Predicting the Path of the New Justice

Ruth Marcus has this column in the WaPo (behind a paywall) on the impact of Judge Ketanji Brown Jackson on the Supreme Court. Ms. Marcus has covered the high court for many years.

In addition, justices, male or female, aren’t fungible. Even if they can be placed into broad categories of liberal or conservative, they bring different passions and different life experiences to the bench. Jackson’s experience as a criminal defense lawyer, member of the U.S. Sentencing Commission and trial court judge gives her a perspective different from that of her colleagues. It’s reasonable to imagine Jackson emerging as an ally of Justice Sonia Sotomayor, especially on criminal law issues, where Breyer and Justice Elena Kagan have been slightly more moderate. And, as I wrote the other day, she also could emerge as another powerful voice in dissent, joining Sotomayor and Kagan in a forcefulness and passion that Breyer didn’t always display.

While Jackson, assuming she is confirmed, will be in the history books as the first Black female justice, the more immediate significance of her arrival at the Supreme Court might be as the only serving justice — and the first in decades — with significant experience representing criminal defendants and grappling with the consequences of the criminal justice system on communities of color.

In plainer English, Marcus implies that Justice Jackson is likely to vote consistently for the defendant on any remotely debatable questions of criminal law, more so than Justice Breyer did and more like Justice Sotomayor does. And while “grappling with the consequences of the criminal justice system on communities of color,” will she grapple with the consequences of crime and our failure to control it on all communities, including and especially “communities of color”? I am not optimistic at this point, though I hope to learn more as the nomination process proceeds.

2 Responses

  1. Ron Matthias says:

    As the saying goes . . . There’s nothing harder to predict than the future.

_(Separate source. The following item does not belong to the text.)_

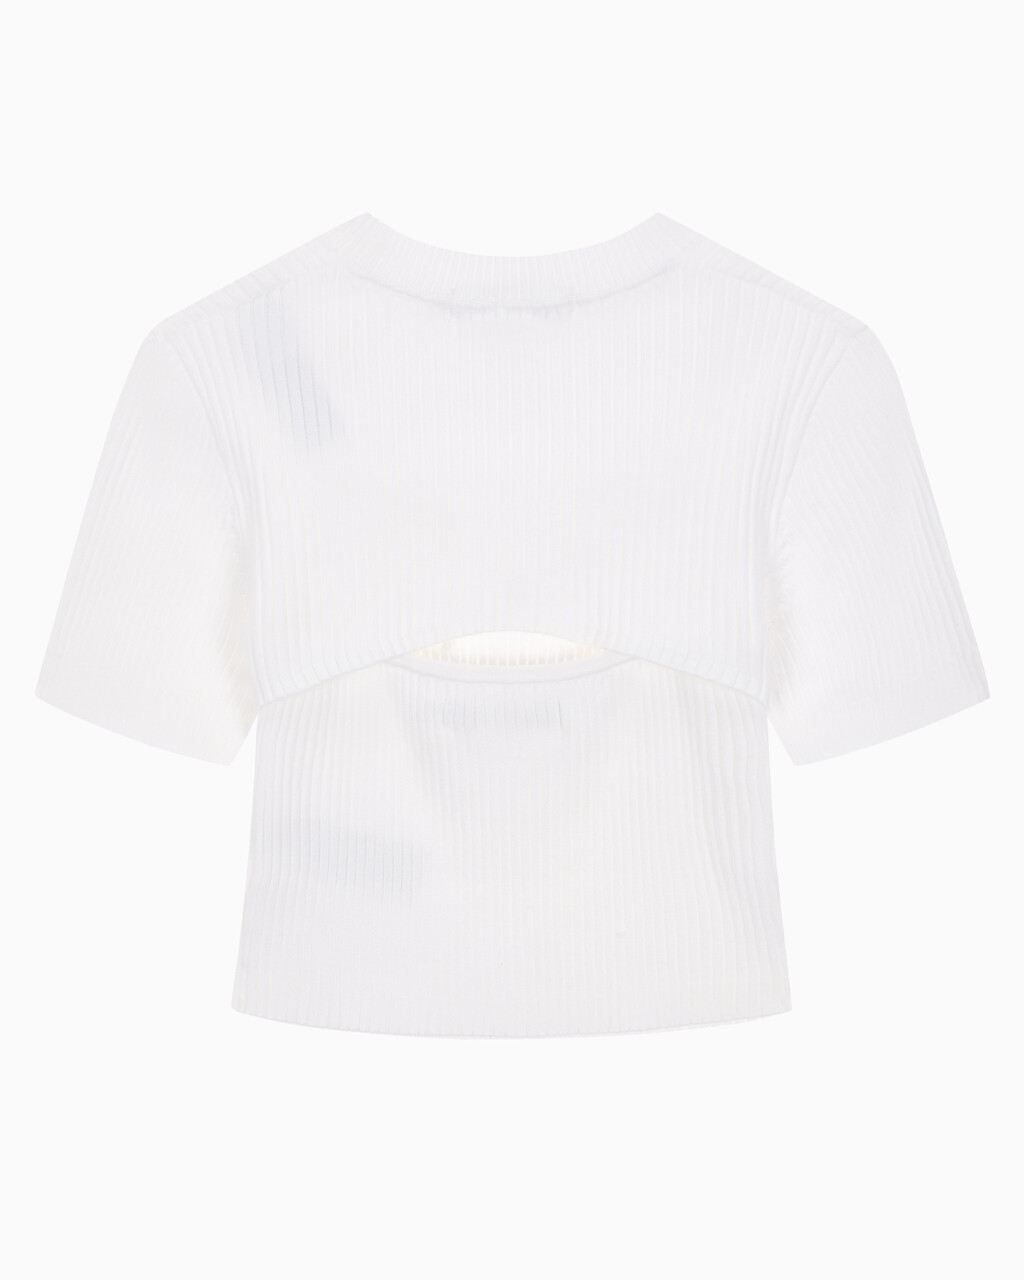 Buy 여성 3 IN 1 립 반팔 스웨터 in color BRIGHT WHITE
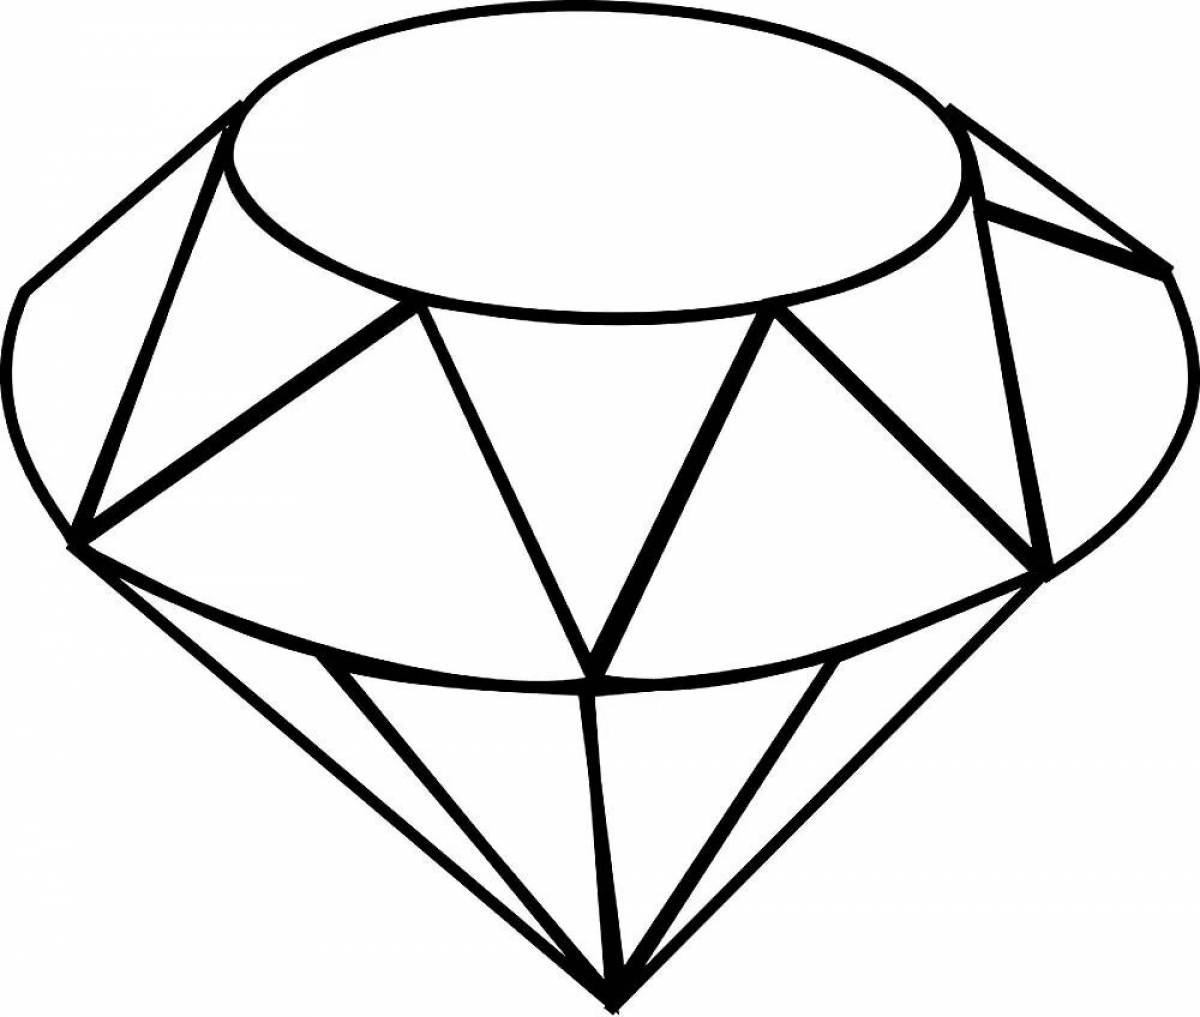 Exalted diamond coloring page для детей

    While any judge’s background and experience certainly affects her perspective, I’ve grown pretty cautious about making cliché-based assumptions about what kind of judge a former defense lawyer (or prosecutor, for that matter) will turn out to be.

    Yes, some criminal defense attorneys-cum-judges carry their true-believer values onto the bench—often with disastrous consequences. (A certain former Chief Justice of California comes readily to mind.) But not all criminal defense lawyers are true-believers. Some are very practically-minded, level-headed thinkers who happen to start their careers as defense lawyers, and being pretty good lawyers, they prove to be very effective at their job, stick with it for the long-haul, and maybe even achieve some notariety for their efforts. Once they take the bench, they prove to be very capable in that role as well—perhaps in large part because they’ve heard and seen it all, and aren’t easily snowed.

    Former prosecutors, on the other hand, can sometimes grow a bit self-conscious about how their background affects (or, perhaps more precisely, about how the litigants, the bar, the public, and the media might perceive how their background affects) their rulings. In response to that nagging concern, they sometimes compensate, even over-compensate—an impulse that occasionally causes them to issue flatly erroneous rulings. It’s a funny business, this law thing.

  2. It’s possible. Hopefully we will learn more as the nomination process proceeds, and the process will not be a rubber stamp.

    I am a bit concerned that some conservatives in Congress are too complacent with their six-Justice “majority.” One retirement or death during the Biden Administration could put us back in the situation we had a few years ago with a single “swing vote.” That situation produced some truly appalling rulings.